Dreadlocks, on the other hand, are much more than simply a hairstyle for Rastas. They signify a link to Africa as well as a rejection of the West, which they refer to as Babylon. Dreadlocks symbolize a revitalized feeling of pride in African physical traits and Blackness, which corresponds to their conviction in keeping things natural. There is a deeper spiritual link as well, since dreadlocks are thought to connect users to Jah (God) and "earth-force," his mysterious power found throughout the planet. Some even claim that knotting or tying one's hair retains this power within the body and prevents it from exiting via the skull. The Biblical narrative of Samson and Delilah cutting his seven locks attests to this belief in dreadlocks retaining physical power.


There is visual evidence of Ancient Greeks with braided hair and maybe locks, however one might argue that the Greeks were inspired far more by their darker colored Eastern and Mediterranean neighbors than by their Northern neighbors. Regardless of this possibility, it should go without saying that white individuals sporting dreadlocks today are unrelated to their own past and are instead influenced by ours. When I asked white folks about their dreadlocks, I got comments ranging from "my hair would do this naturally if I didn't comb it" to "Vikings had dreadlocks." I investigated the latter statement and discovered no evidence to support it.

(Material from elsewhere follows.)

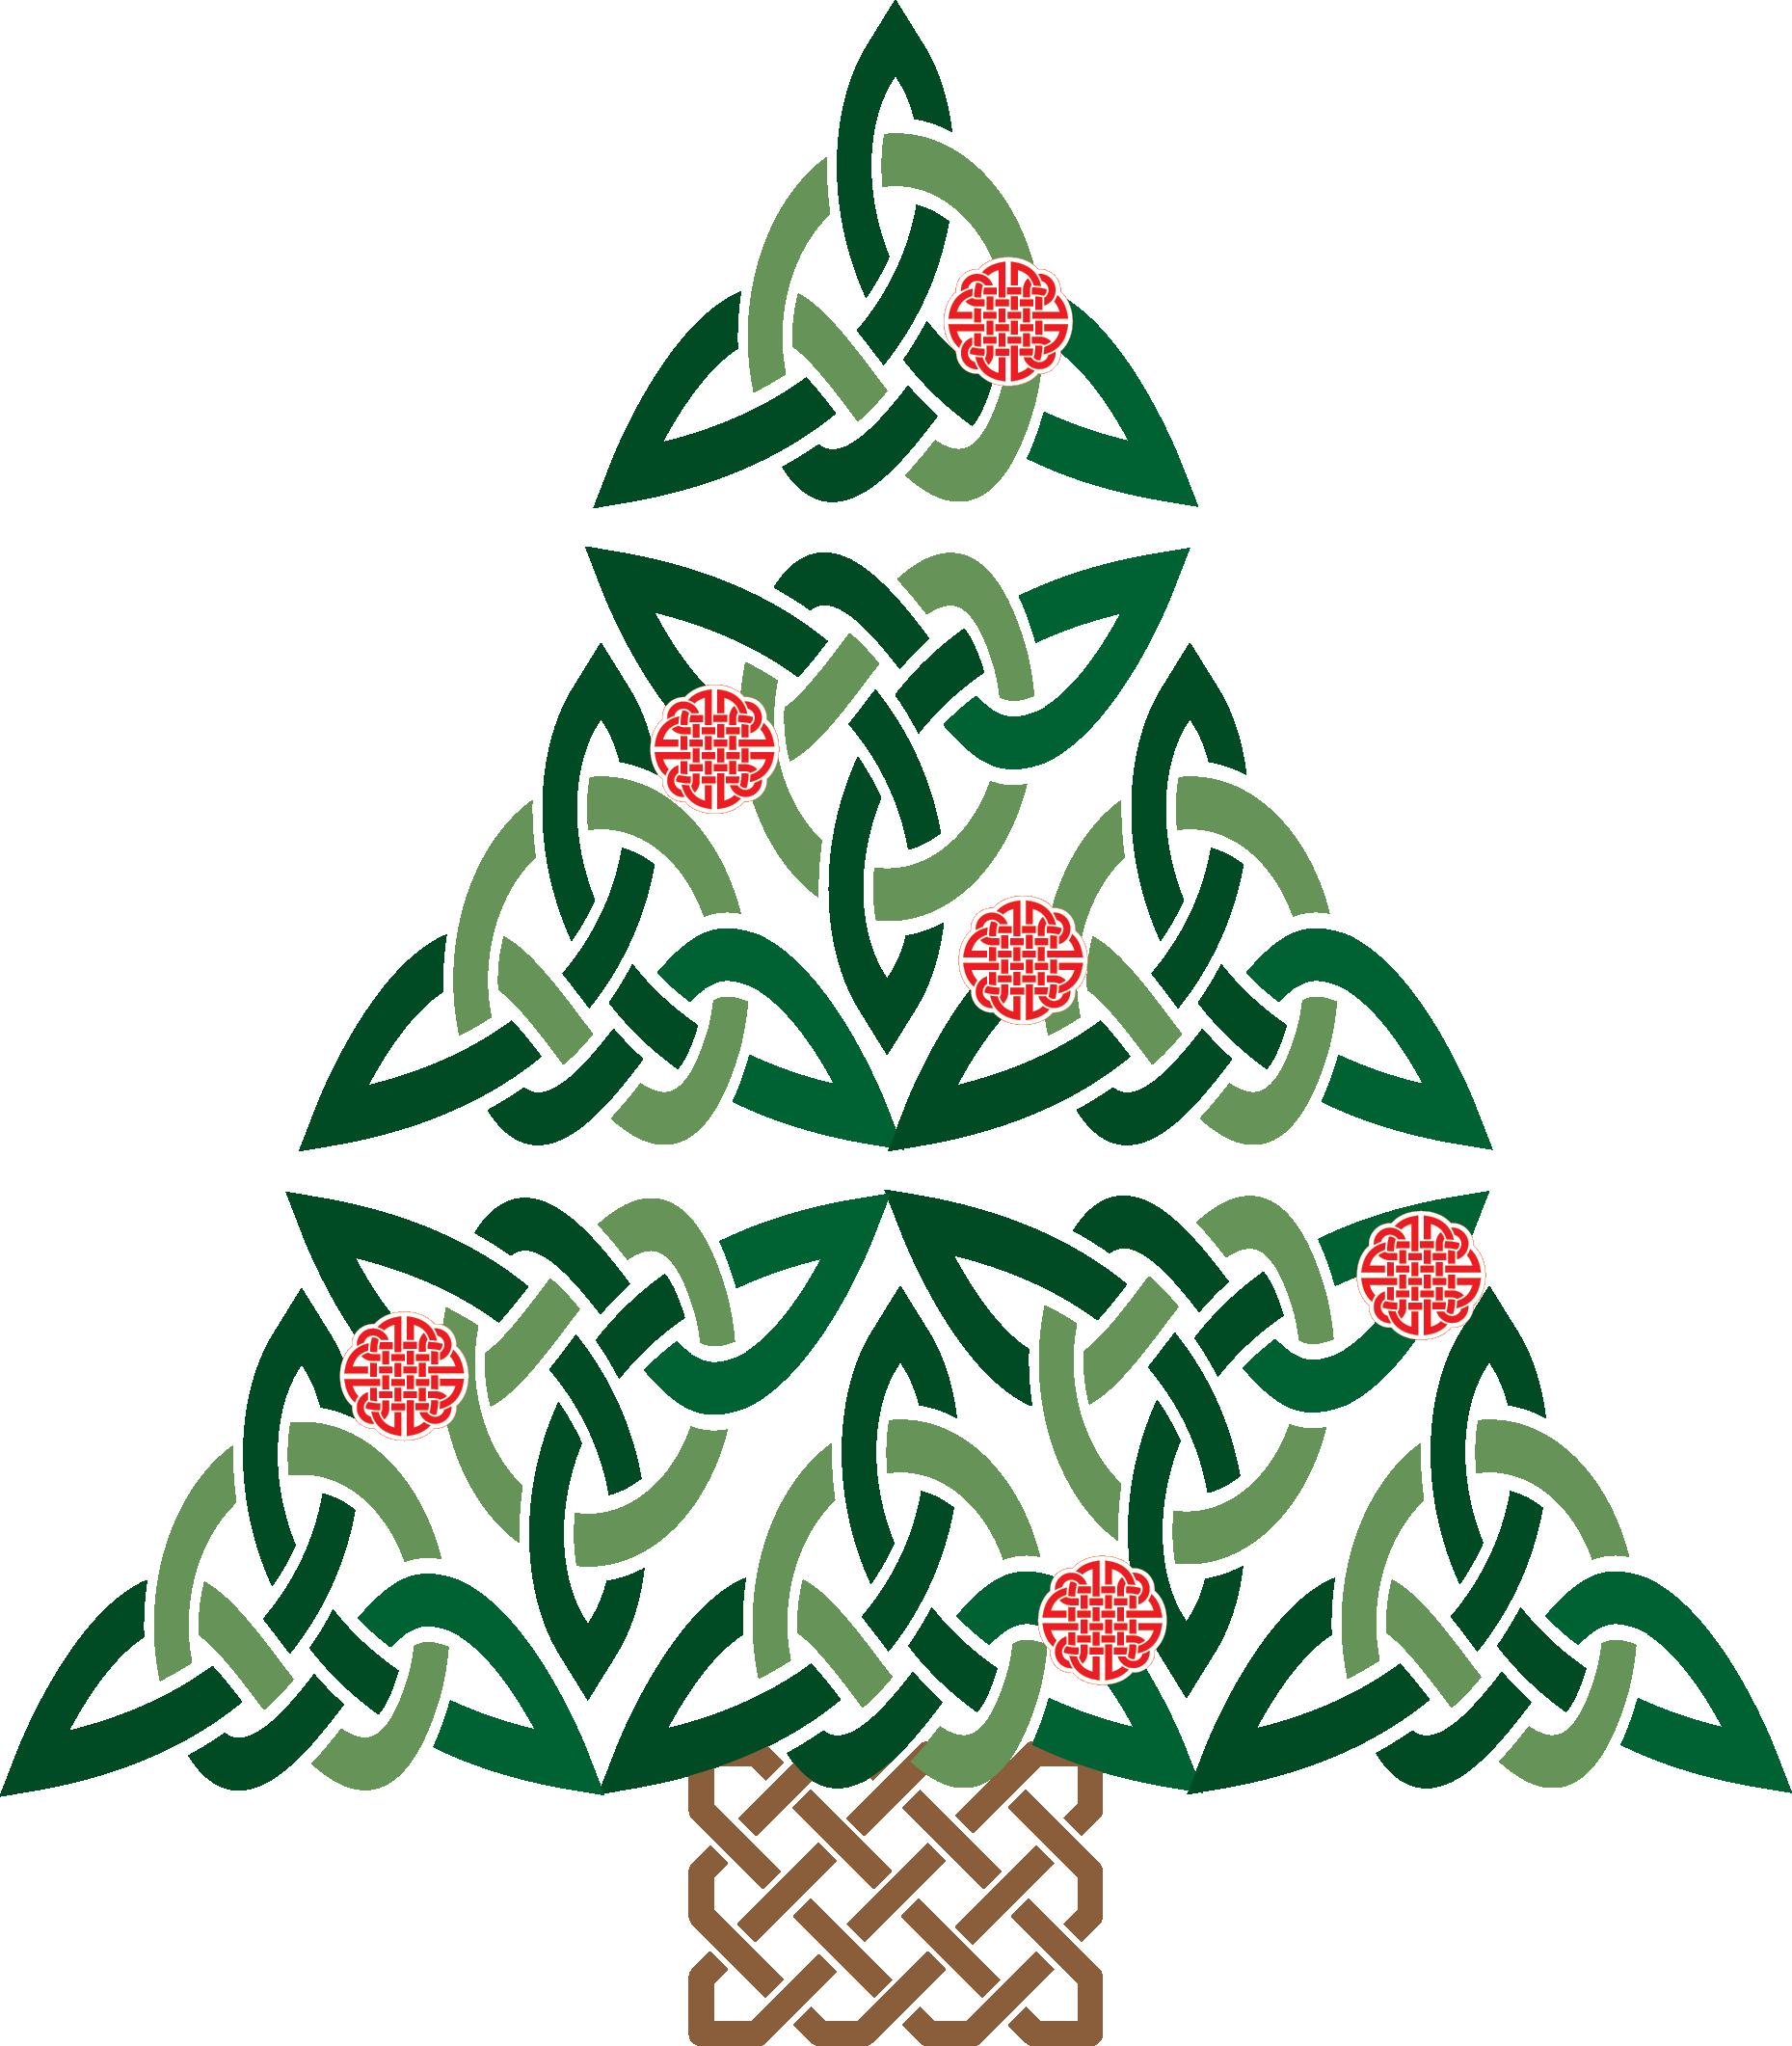 Flans Celtic Christmas Tree.png

A bas-relief on the sarcophogus of Princess Kawit (2050BC), showing a deceased noble having their locks combed by a servant


Cultural Appropriation of Dreadlocks

This cultural appropriation is made possible by the erasure of the cultural effect of reggae music, Bob Marley, and Rastafarianism. In its most basic form, cultural appropriation occurs when a dominant culture takes something from an oppressed culture without acknowledging where it came from. This is troublesome for a variety of reasons. For starters, it overlooks societal disparities, leaving it up to people of color to "speak out" what we view as injustices. We are labeled as oversensitive in the process, as centuries of our history are destroyed before our eyes. It contributes to Eurocentric beauty ideals.

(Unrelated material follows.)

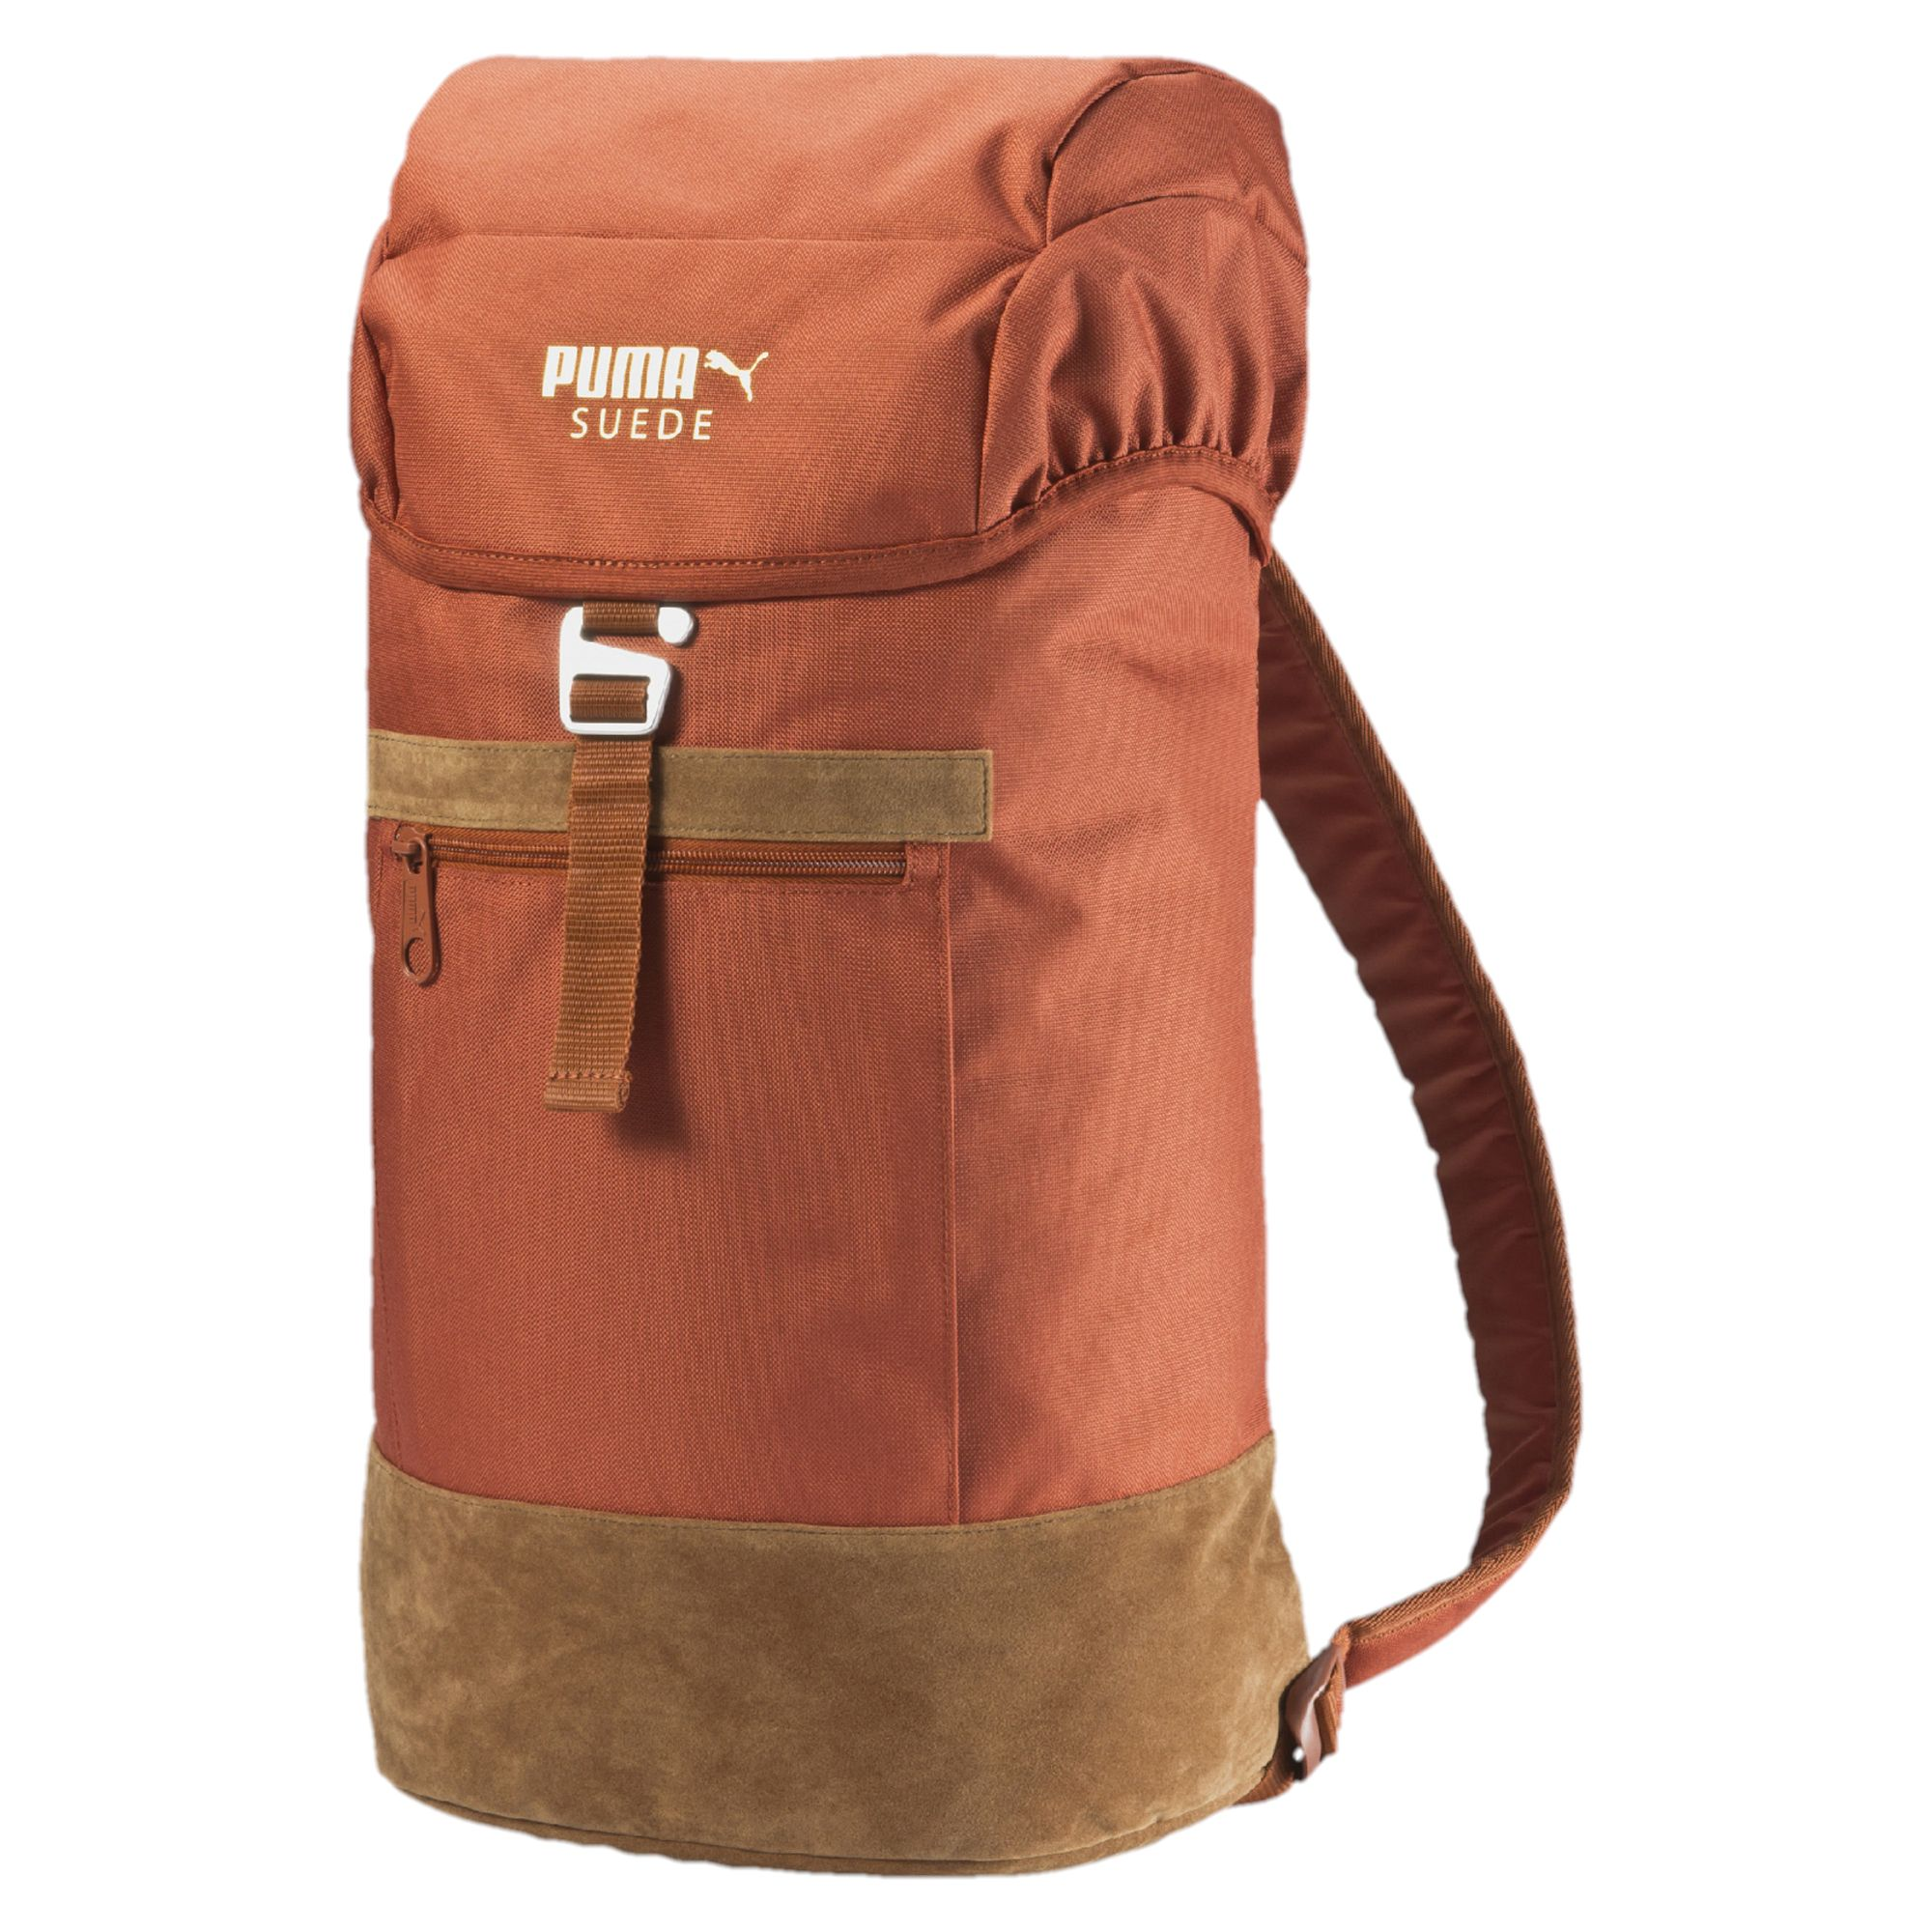 puma suede rucksack

When a white person wears hair that is considered unprofessional on a black person, it becomes trendy. Once again, the majority culture benefits, while minorities are marginalized more. Justin Bieber is a prime example of this. He's created a career off of culturally appropriated Black music. It was therefore unsurprising when he wore fake hair to an awards show a few years ago. Despite this, he remains one of the best-selling musicians in the world. In contrast, when mixed-race actress and singer Zendaya (of former Disney fame) donned dreadlocks to the Oscars, she was slammed by TV anchor Giuliana Rancic, who said she "smells like patchouli oil and cannabis."


This cultural manipulation, which is a British export, has even culminated in a case published last month in which Jamaica's Supreme Court found that a school was legitimate in excluding a kid with dreadlocks for "hygiene" grounds. Emma Dabiri, an Irish-Nigerian professor, published "Don't Touch My Hair" last year, in which she discusses growing up in Dublin and learning to love and embrace her own hair. She just started a petition (with over 50,000 signatures) requesting that the British government change the Equality Act to include hair as a protected trait.




In Conclusion…

With the Black Lives Matter movement gaining traction, individuals are beginning to examine their own internal prejudices as well as the mechanisms that enable racism to persist. People are emphasizing the significance of aggressively combating racism and resolving inequities. Accountability should be included for activities that disadvantage and disable existing marginalized communities. The cultural adoption of hairstyles with a rich and significant history is essential to this. Ignorance of these concerns is unacceptable in an age when knowledge is at our fingertips. We must guarantee that cultural diversity are not only appreciated but also respected.